__Task to complete__. Starting at the line holding "Mujer con los" and finishing at the line holding "XLBoom XLBOOM Beistelltisch", transcribe the material exactly, keeping both ends but no pictures.

__Recorded data__.

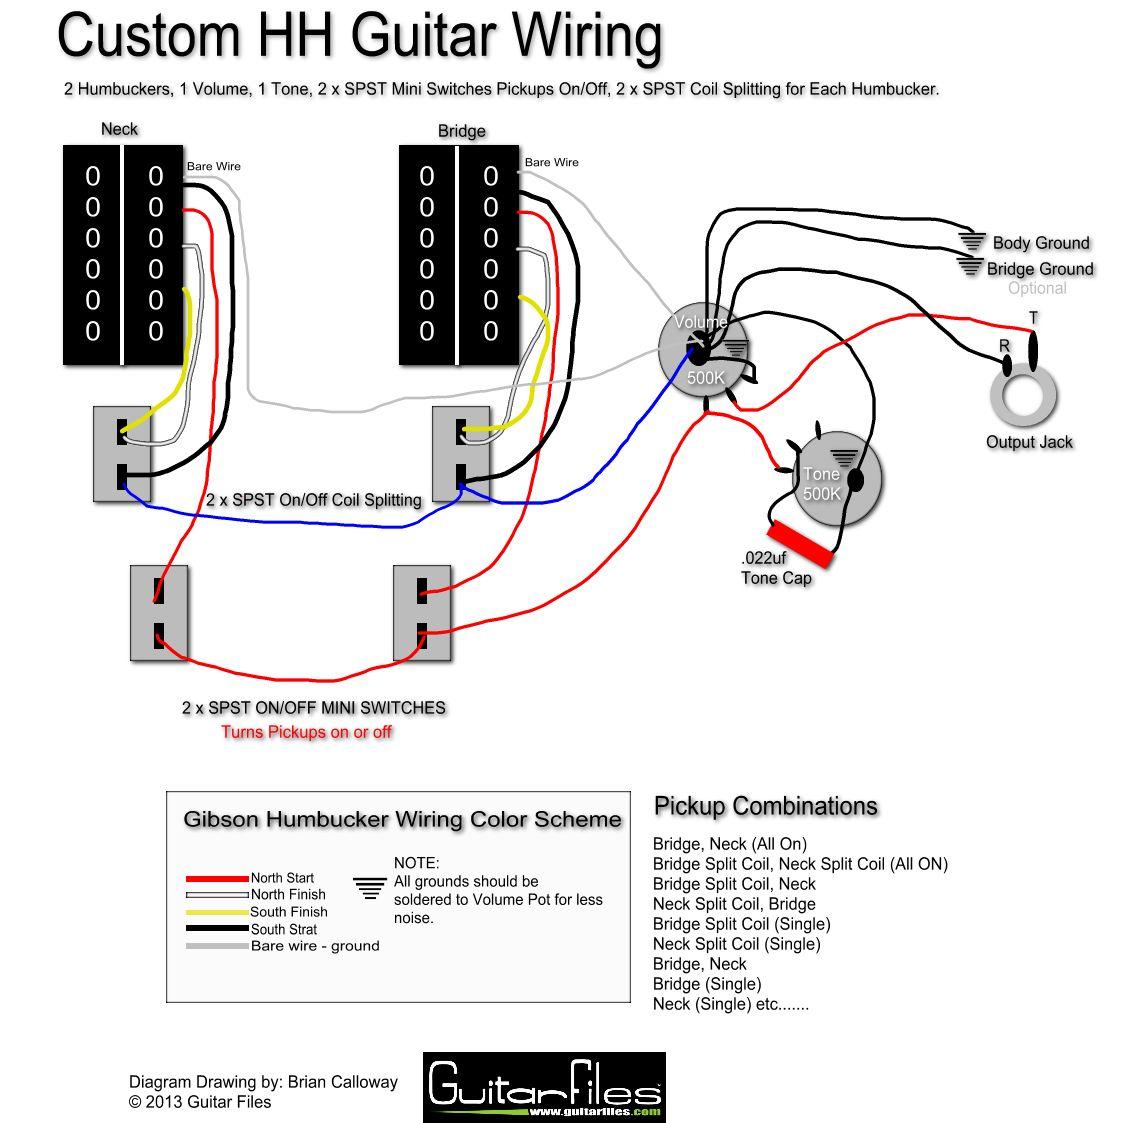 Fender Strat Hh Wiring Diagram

* * *

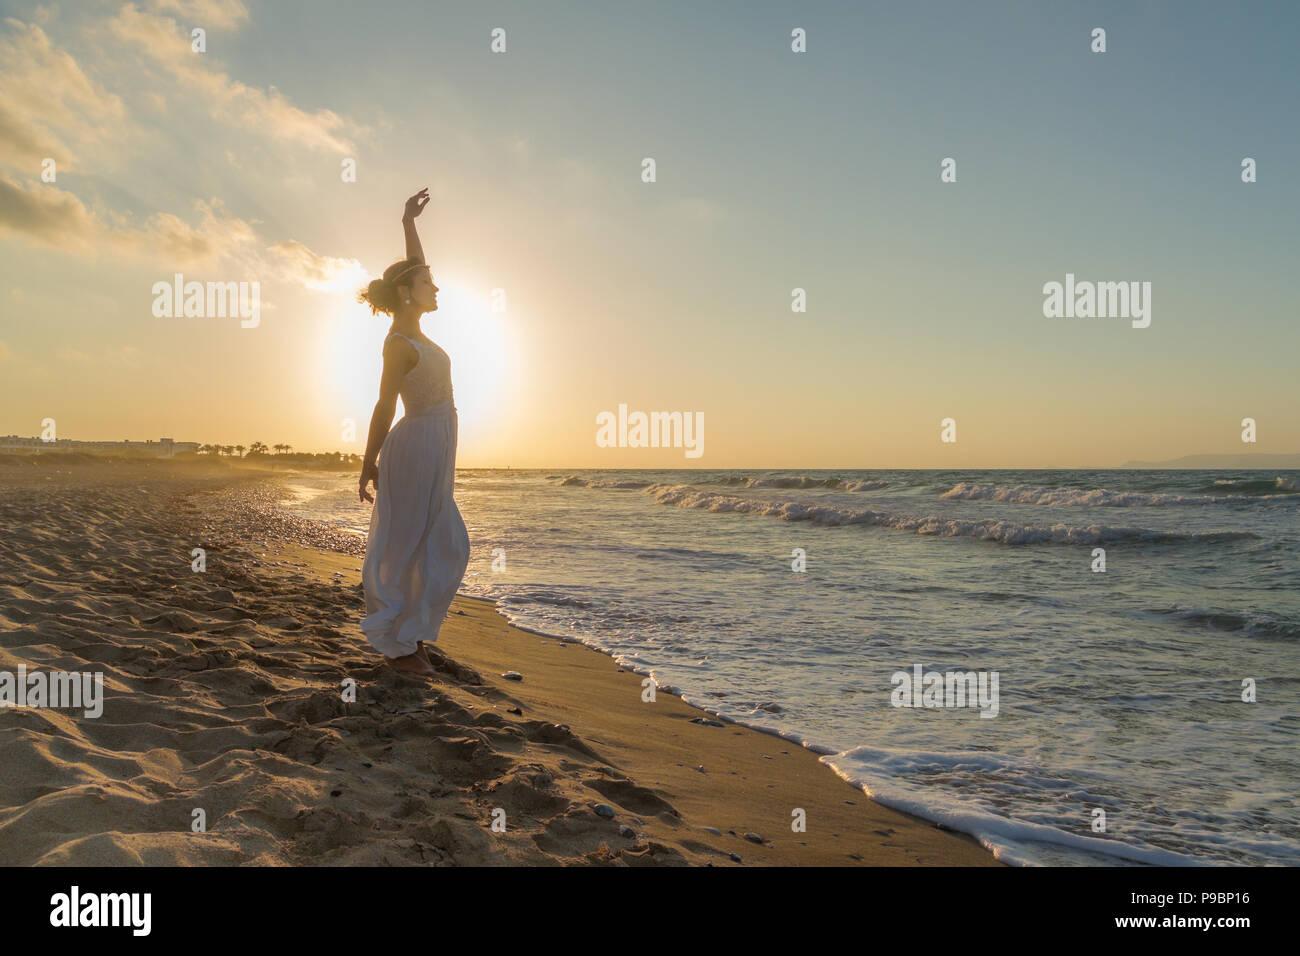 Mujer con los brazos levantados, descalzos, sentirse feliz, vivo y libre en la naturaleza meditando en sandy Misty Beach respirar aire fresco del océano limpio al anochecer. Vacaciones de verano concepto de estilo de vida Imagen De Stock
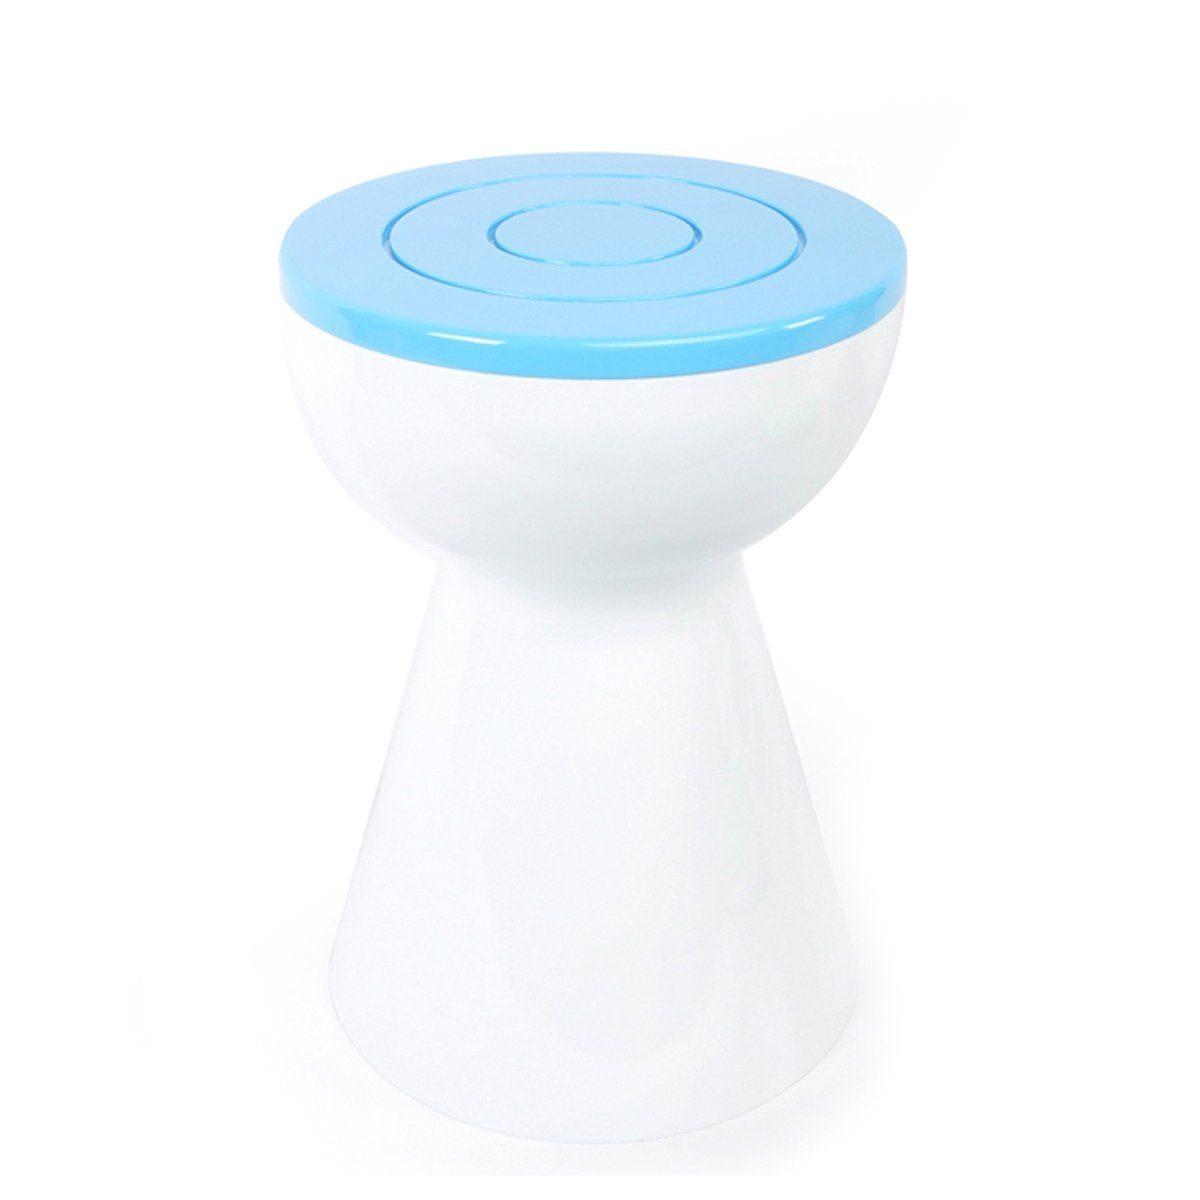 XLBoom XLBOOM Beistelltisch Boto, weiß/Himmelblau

__Answer to this problem__.
 Mujer con los brazos levantados, descalzos, sentirse feliz, vivo y libre en la naturaleza meditando en sandy Misty Beach respirar aire fresco del océano limpio al anochecer. Vacaciones de verano concepto de estilo de vida Imagen De Stock
 XLBoom XLBOOM Beistelltisch Boto, weiß/Himmelblau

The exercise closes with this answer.